## DATA BLOCK
□ □ □ □ □

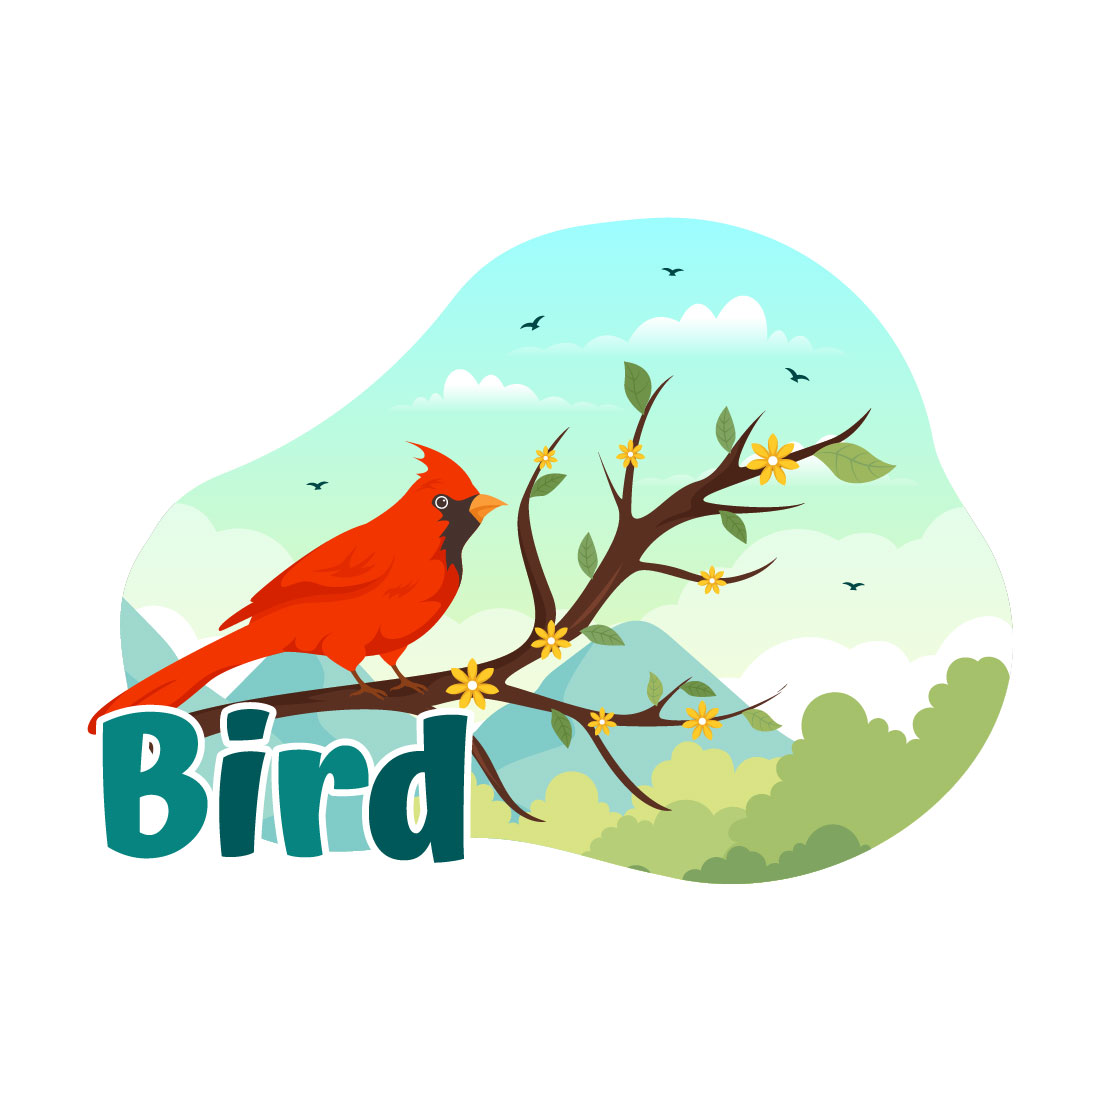 11 Bird Animal Vector Illustration cover image.
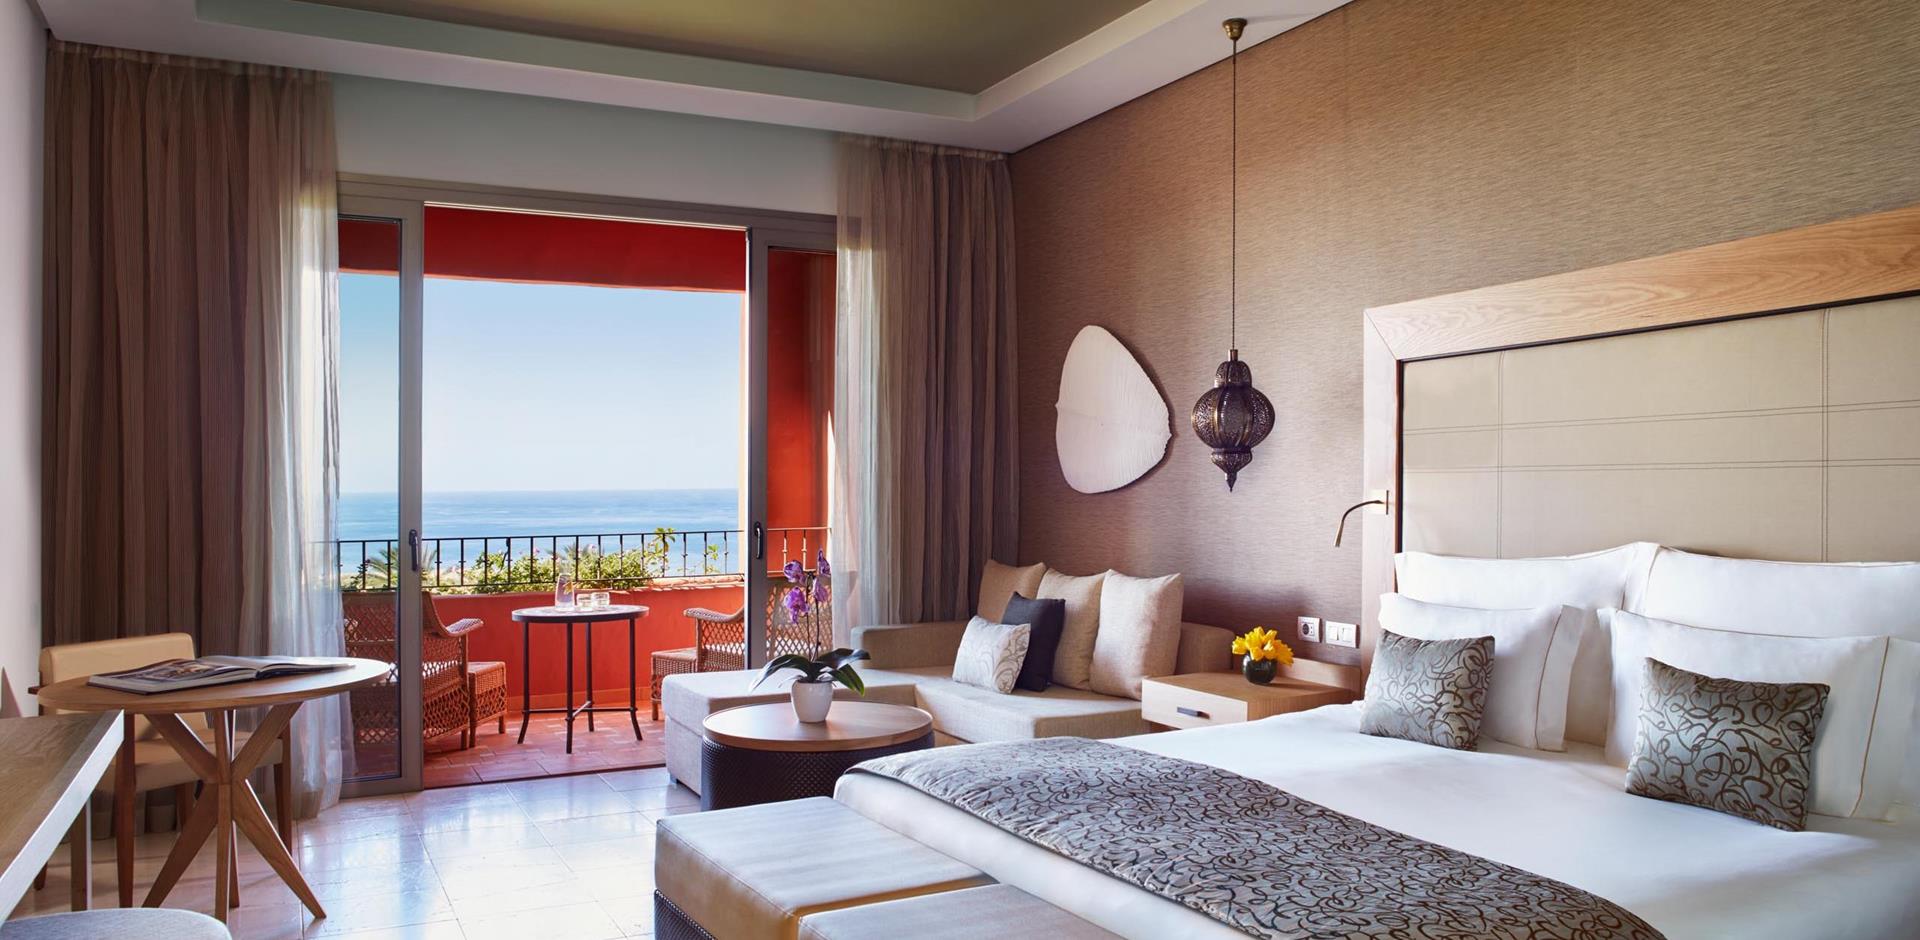 Citadel deluxe room, ocean view, The Ritz-Carlton Tenerife, Abama, Spain
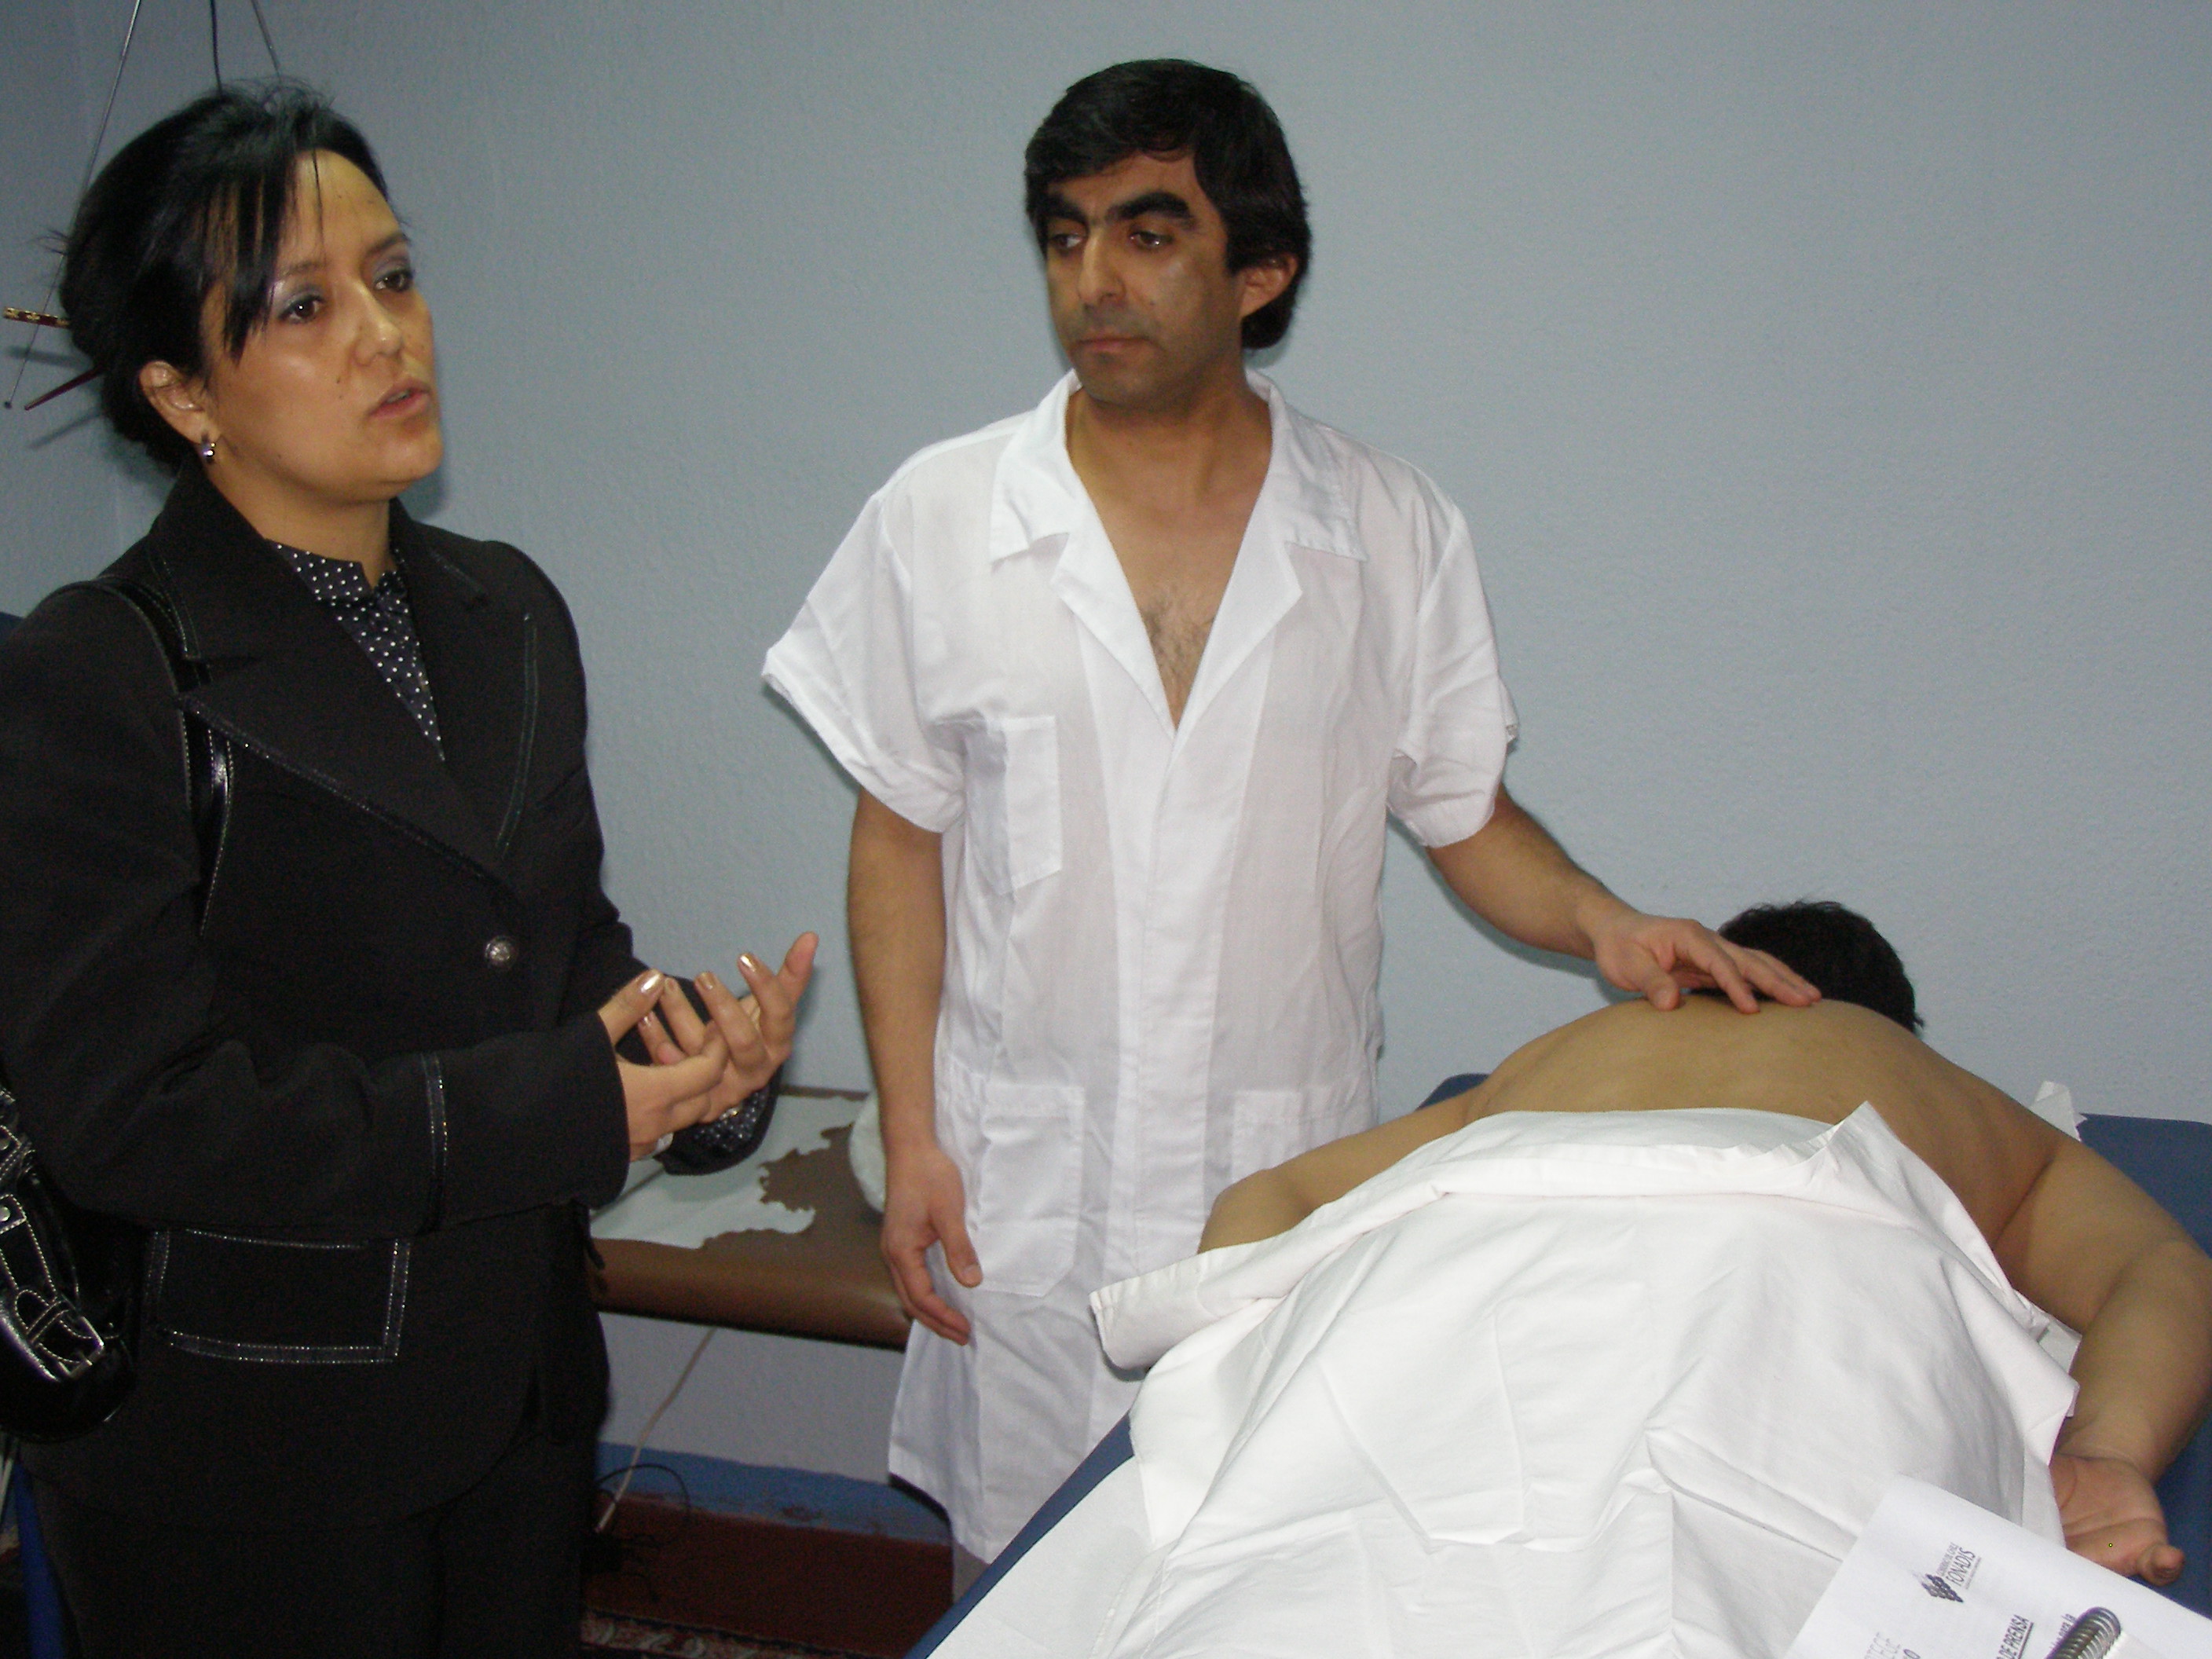 En la fotografía aparece la Coordinadora  de Fonadis, Paula Aravena, Junto a un masoterapeuta

□ □ □ □ □

Print the whole listing above exactly, and keep every picture out of the copy.

## REPLY
 11 Bird Animal Vector Illustration cover image.
 Citadel deluxe room, ocean view, The Ritz-Carlton Tenerife, Abama, Spain
 En la fotografía aparece la Coordinadora  de Fonadis, Paula Aravena, Junto a un masoterapeuta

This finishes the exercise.